Enter the following query in the Query builder, using your project ID and the instance's name.

resource.type="gce_instance" AND
logName="projects/PROJECT_ID/logs/cloudaudit.googleapis.com%2Fsystem_event" AND
protoPayload.methodName="compute.instances.repair.recreateInstance" AND
protoPayload.resourceName=~"/INSTANCE_NAME$"

Click Run query. The Query results will show all autohealing attempts on the VM with the reason of autohealing in protoPayload.status.message.

Checking if autohealing succeeded for a VM

You can find out whether an autohealing attempt succeeded for a VM instance by filtering logs for repair operations and health changes by VM instance name. If the instance's health state changed to HEALTHY after a repair operation, you will see a corresponding health state change log. Follow the steps:

Go to the Logs Explorer in the Google Cloud console.

Go to Logs Explorer
Enter the following query in the Query builder, using your project ID and the instance's name.
```
(resource.type="gce_instance" AND
logName="projects/PROJECT_ID/logs/cloudaudit.googleapis.com%2Fsystem_event" AND
protoPayload.methodName="compute.instances.repair.recreateInstance" AND
protoPayload.resourceName=~"/INSTANCE_NAME$")
OR
(resource.type="gce_instance_group_manager" AND
logName="projects/PROJECT_ID/logs/compute.googleapis.com%2Finstance_group_manager_events" AND
jsonPayload.instanceHealthStateChange:* AND
labels."compute.googleapis.com/instance_name"="INSTANCE_NAME")
```
The first part of the query displays the instance repair operations, which indicate that recreation was triggered by MIG autohealing to make the instance healthy again.
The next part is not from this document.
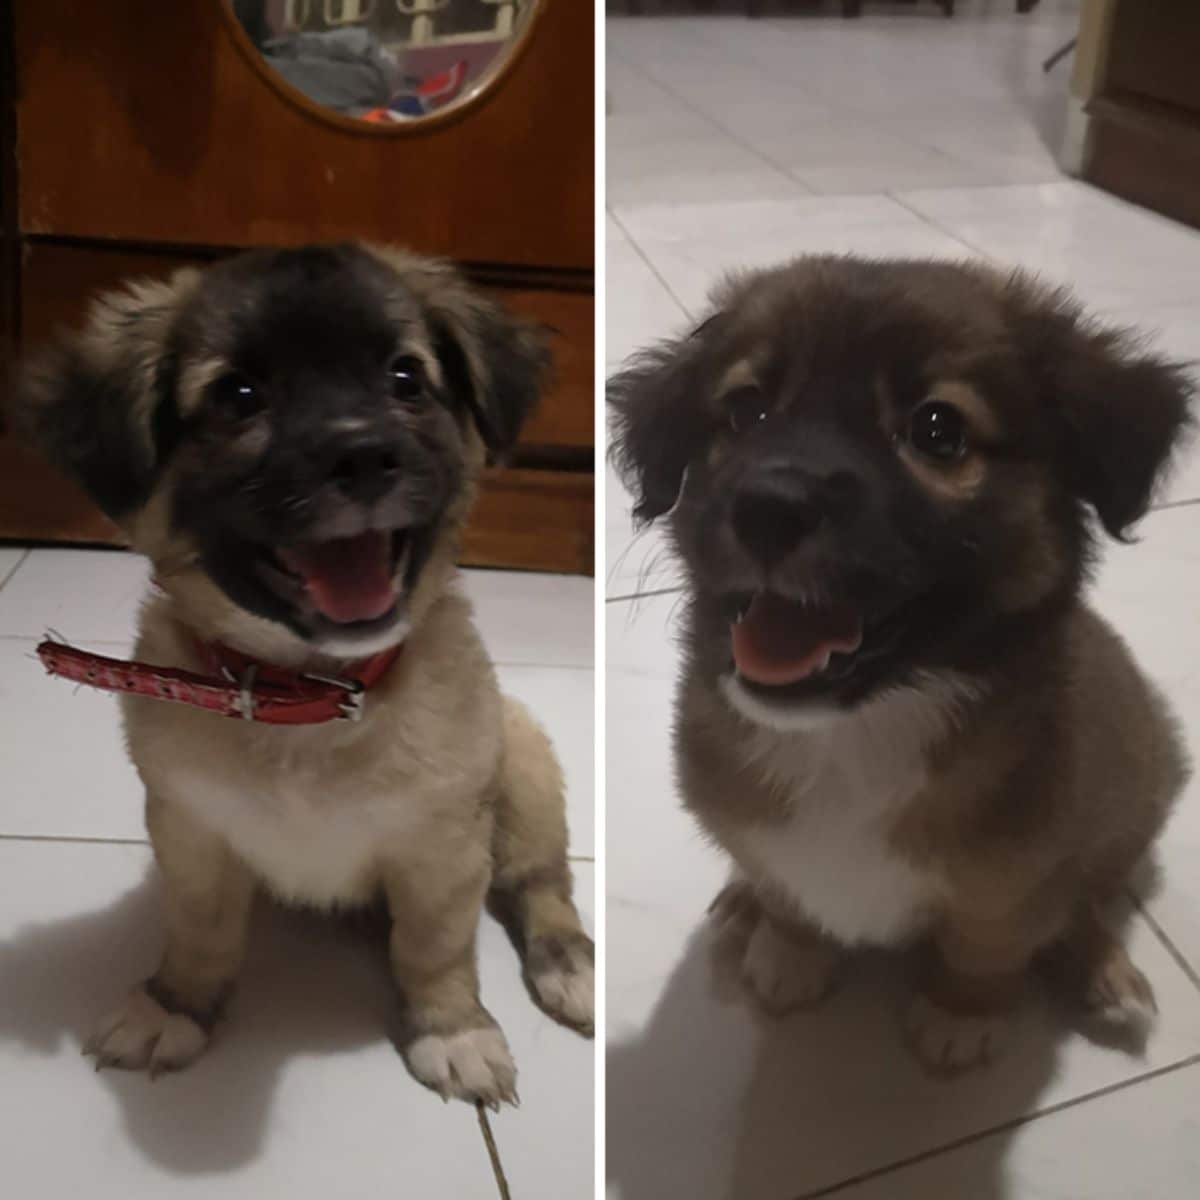 2 photos of smiling brown black and white puppies

The second part of the query displays all health state changes of the VM instance.

In the Query results, the health state change event with detailedHealthState set to HEALTHY shortly after a repair operation shows that the autohealing attempt was successful.

Determining initial delay value of a MIG

Determining an appropriate initial delay value for MIG autohealing is easier with VM instance health state logging. You can use logs to observe the time between when the instances.insert operation finished and when the first healthy signal was received for a set of instances in a group. This time interval reveals how long instances take to fully boot up. As some VMs might boot up slower than others, Google recommends adding some margin to the observed initialization time (from insert operation to healthy state) when specifying the initial delay in the autohealing policy.

To measure the time between the instance insert operation and the instance becoming healthy, run a query for insert operations and health change logs by VM instance name. Use timestamps from both operations to calculate the instance's initialization time. Follow the steps:

Go to the Logs Explorer in the Google Cloud console.

Go to Logs Explorer

Enter the following query in the Query builder, using your project ID and the instance's name.

(resource.type="gce_instance" AND
logName="projects/PROJECT_ID/logs/cloudaudit.googleapis.com%2Factivity" AND
protoPayload.request.@type="type.googleapis.com/compute.instances.insert" AND
operation.last="true" AND
protoPayload.resourceName=~"/INSTANCE_NAME$") OR
(resource.type="gce_instance_group_manager" AND
logName="projects/PROJECT_ID/logs/compute.googleapis.com%2Finstance_group_manager_events" AND
jsonPayload.instanceHealthStateChange:* AND
labels."compute.googleapis.com/instance_name"="INSTANCE_NAME")

The first part of the query shows the completion of the VM insert operation. The second part shows all health state changes for the VM.

In the Query results, the timestamp of the health state change event with detailedHealthState set to HEALTHY shortly after the insert operation reveals the time needed for this VM to boot up.

Repeat the steps for a few more VMs to get a better approximate value of the initial delay parameter.